#### Input data:
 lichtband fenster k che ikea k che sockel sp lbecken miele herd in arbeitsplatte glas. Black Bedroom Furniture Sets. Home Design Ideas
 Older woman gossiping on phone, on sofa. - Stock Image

* * *

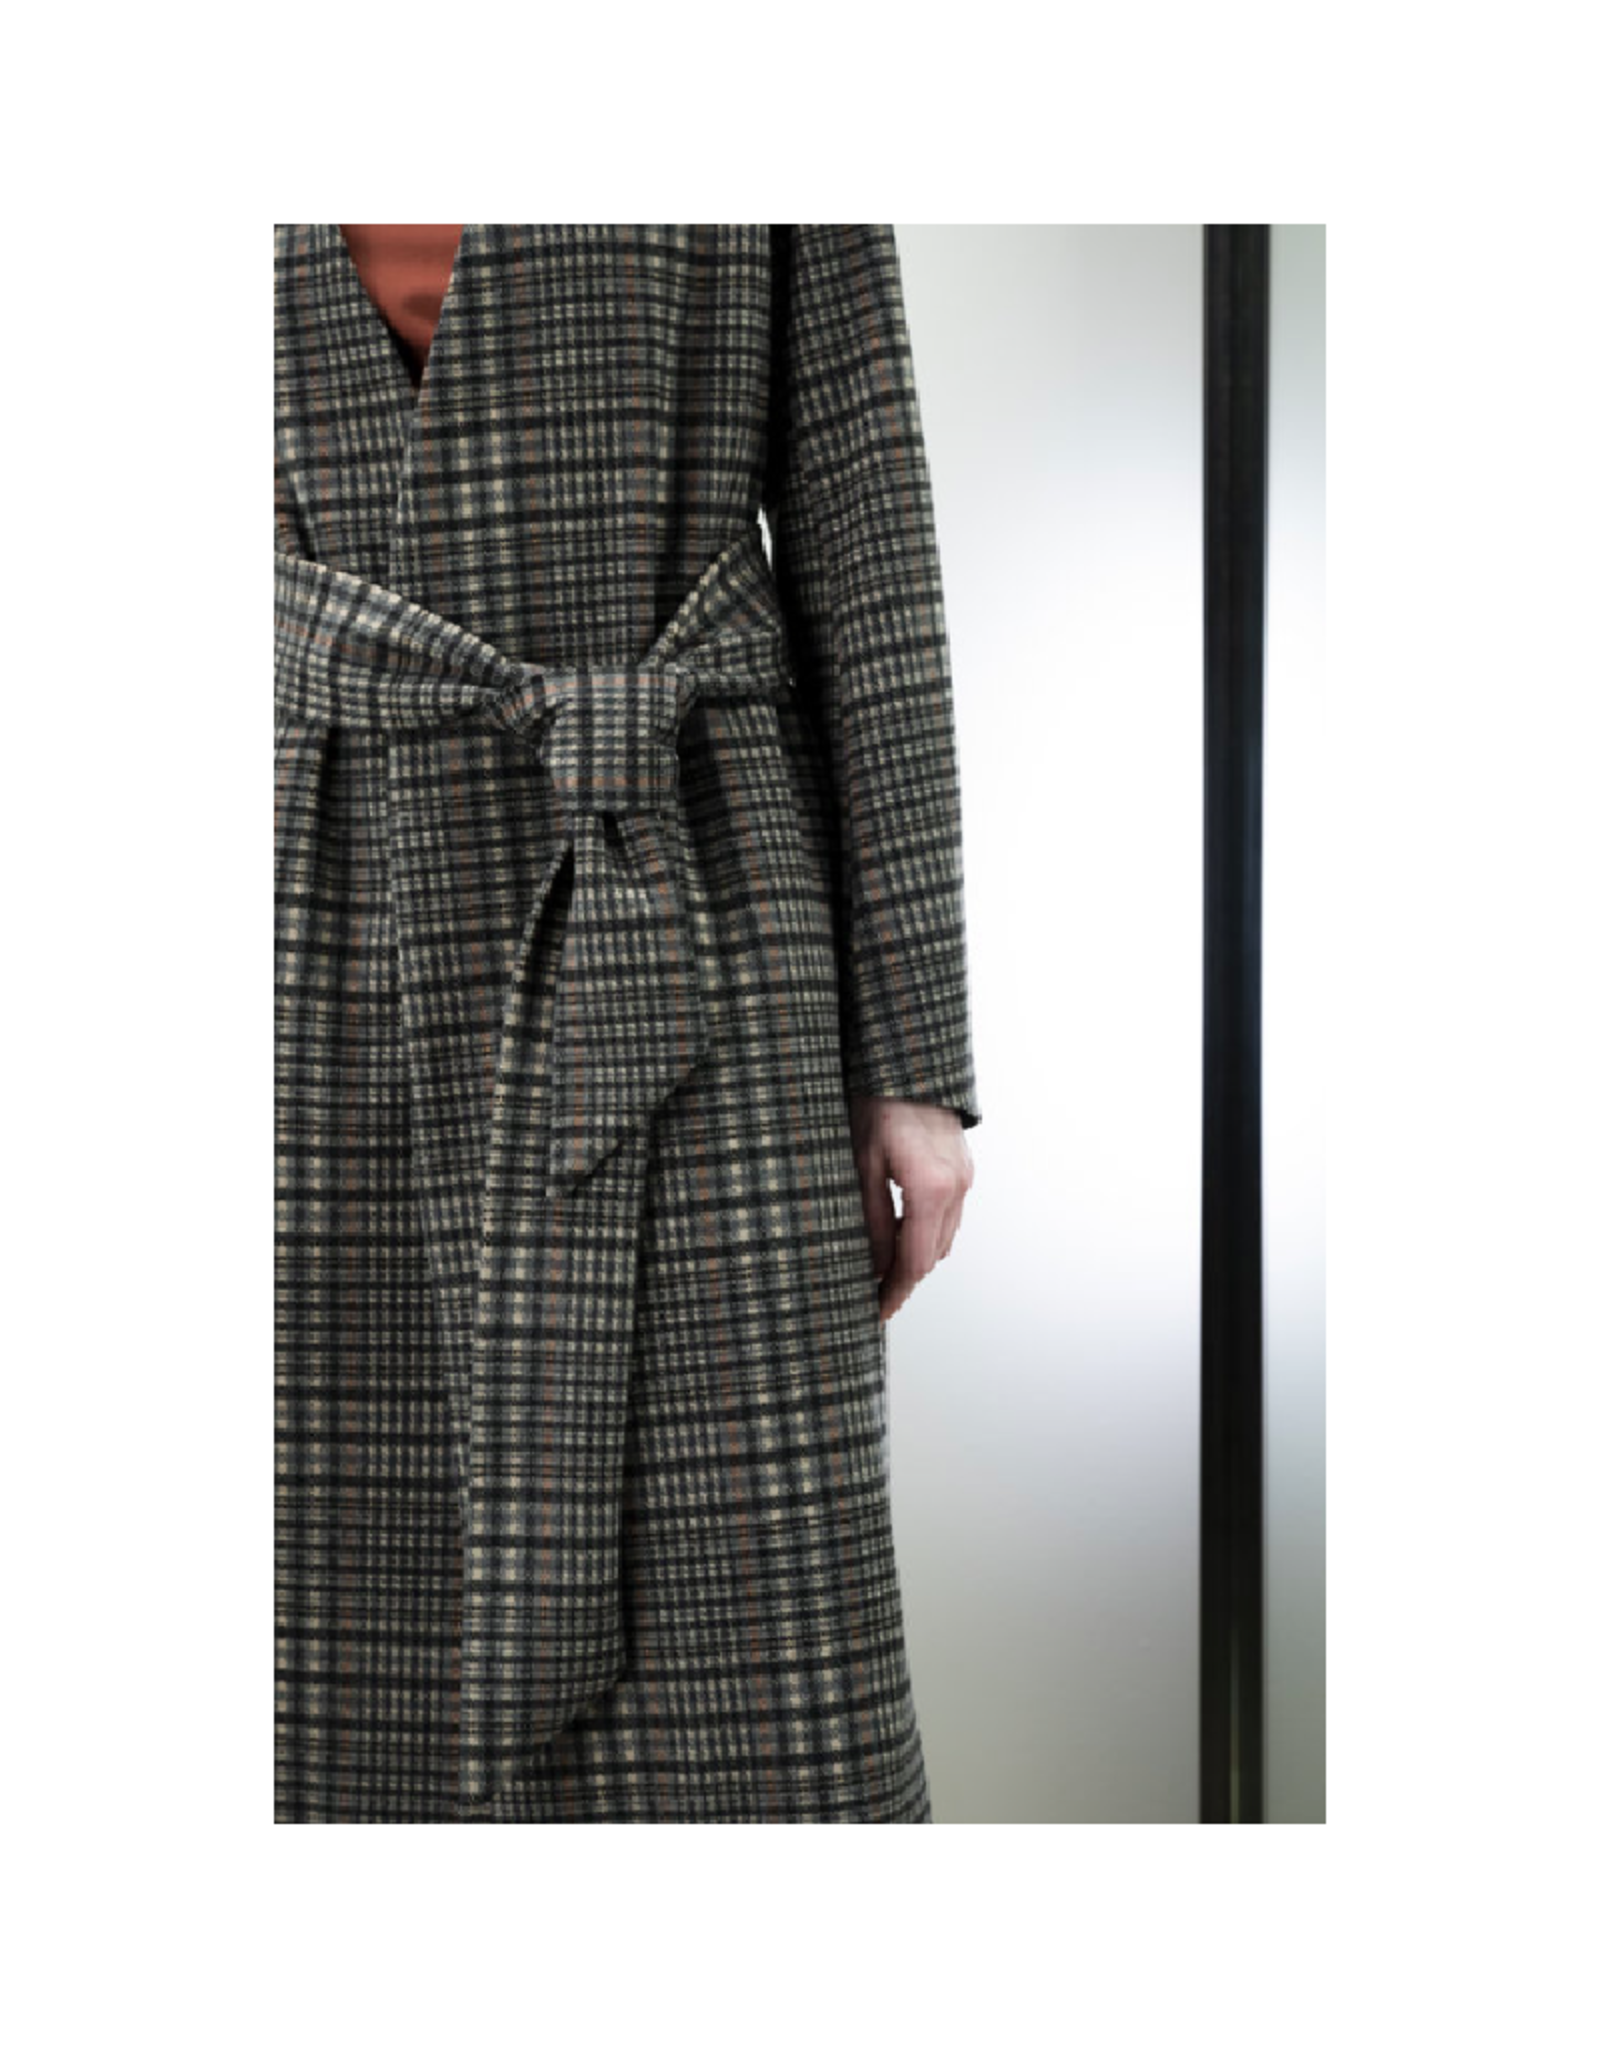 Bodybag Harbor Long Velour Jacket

#### Assigned task:
Starting at the line that has "lichtband fenster k" in the records above, restate word for word every line until the one that has "Older woman gossiping", and include that one as well.

#### Final answer:
 lichtband fenster k che ikea k che sockel sp lbecken miele herd in arbeitsplatte glas. Black Bedroom Furniture Sets. Home Design Ideas
 Older woman gossiping on phone, on sofa. - Stock Image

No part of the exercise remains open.